Wednesday, January 26, 2011

The Spending People Want To Cut

A couple of polls are out, one from Gallup asking people which parts of government they want to cut and one from CNN asking specifically whether people prefer to cut a given program for deficit reduction or not. I prefer the latter, both because it asks more different categories and because I think it presents both sides of the debate better (and yes, that ends up with a higher average "let's cut it" percent, which is contra my interests in the matter). So, what do Americans want to cut? And what do they want to save?

The programs Americans do not want to cut significantly to reduce the deficit are infrastructure spending (39%/61%), unemployment insurance (38%/61%), Medicaid (29%/70%), education programs (25%/75%), Social Security (21%/78%), Medicare (18%/81%), and veterans' benefits (14%/85). What do Americans think it's okay to cut to shrink the deficit? Defense spending (50%/49%), "welfare programs in general" (56%/44%), pensions for government workers (61%/39%), and foreign aid (81%/18%).

A few observations: the things people do not want to cut include most of the left-wing stuff. It also includes the three welfare programs the government spends the vast majority of its non-military money on, so while Americans want to cut welfare in the abstract, they like the three big welfare programs we have very, very much. The public employee pensions thing is one where the public is just wrong, and I think it's the result of some populist demagoguery.

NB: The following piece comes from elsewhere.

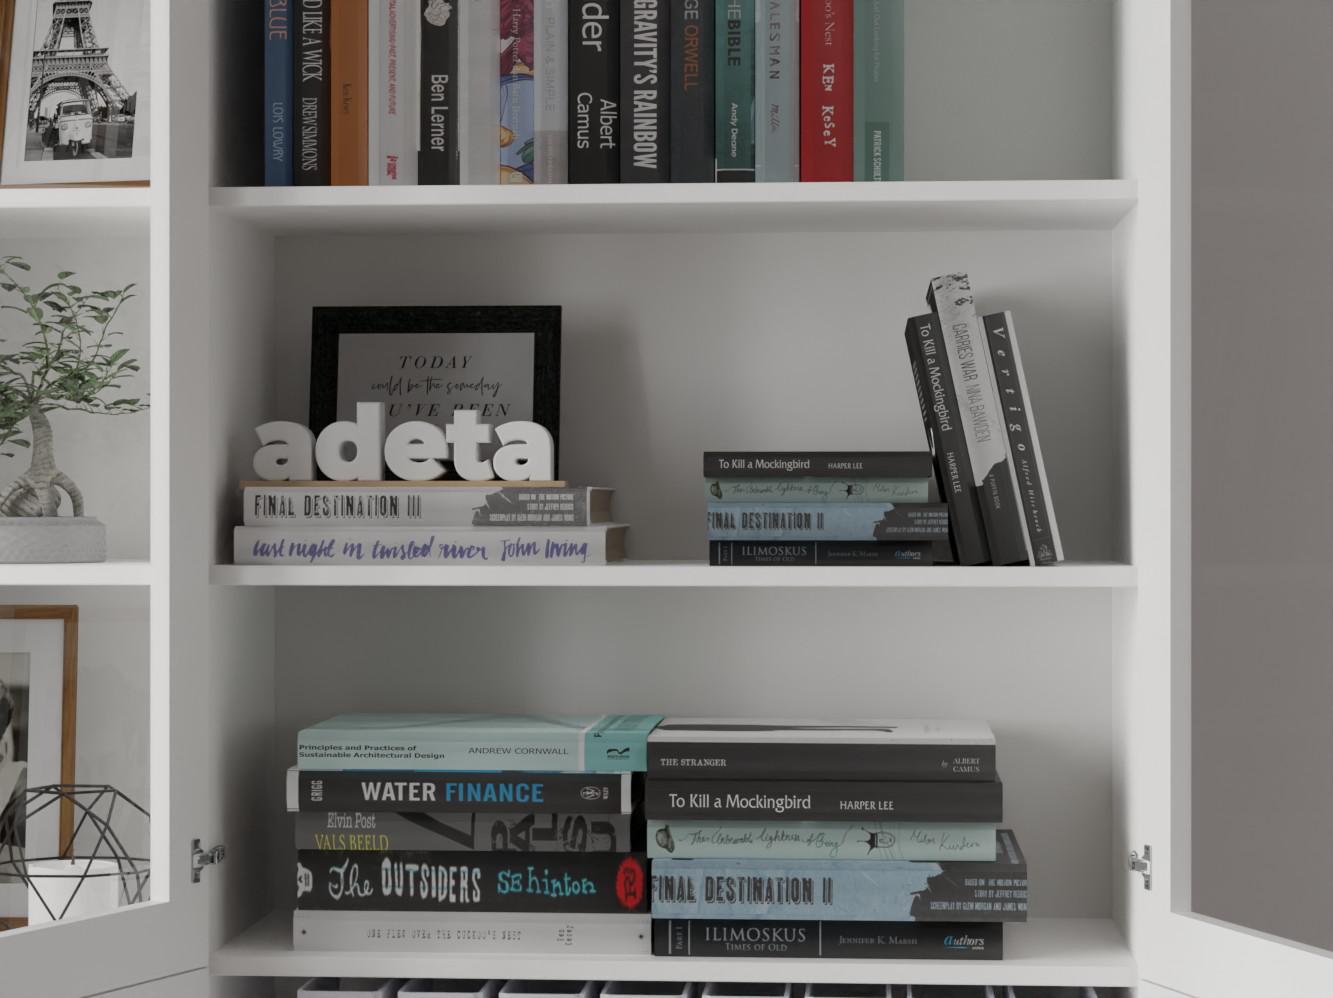 Изображение товара Книжный шкаф Билли 346 white ИКЕА (IKEA), 200x30x202 см на сайте adeta.ru

And as to foreign aid, well, yeah, okay... try balancing our budget by cutting foreign aid. You can't; it's negligible. The polls that have done experiments on this are notorious: when asked what percent of our budget people think foreign aid should be, the average answer is an order of magnitude or two higher than what the figure actually is in real life. But people also think foreign aid constitutes 25% of our budget, whereas it's actually more like, uh, 0.25%.

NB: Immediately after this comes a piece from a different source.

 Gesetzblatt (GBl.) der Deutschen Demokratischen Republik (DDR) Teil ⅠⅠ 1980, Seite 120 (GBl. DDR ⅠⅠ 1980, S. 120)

But I also think one should take a poll like this in context, specifically the context of several polls showing that, while voters prefer "spending cuts" to "tax hikes" in the abstract, they prefer raised taxes to cuts in, say, Social Security, or Medicare. And they really, really prefer raising taxes on the rich to cutting those programs. So I'd say that if the public has a particularly intelligible, feasible preference for deficit-reduction strategy, it involves cutting defense spending and raising taxes on the rich. Sound like liberalism, much?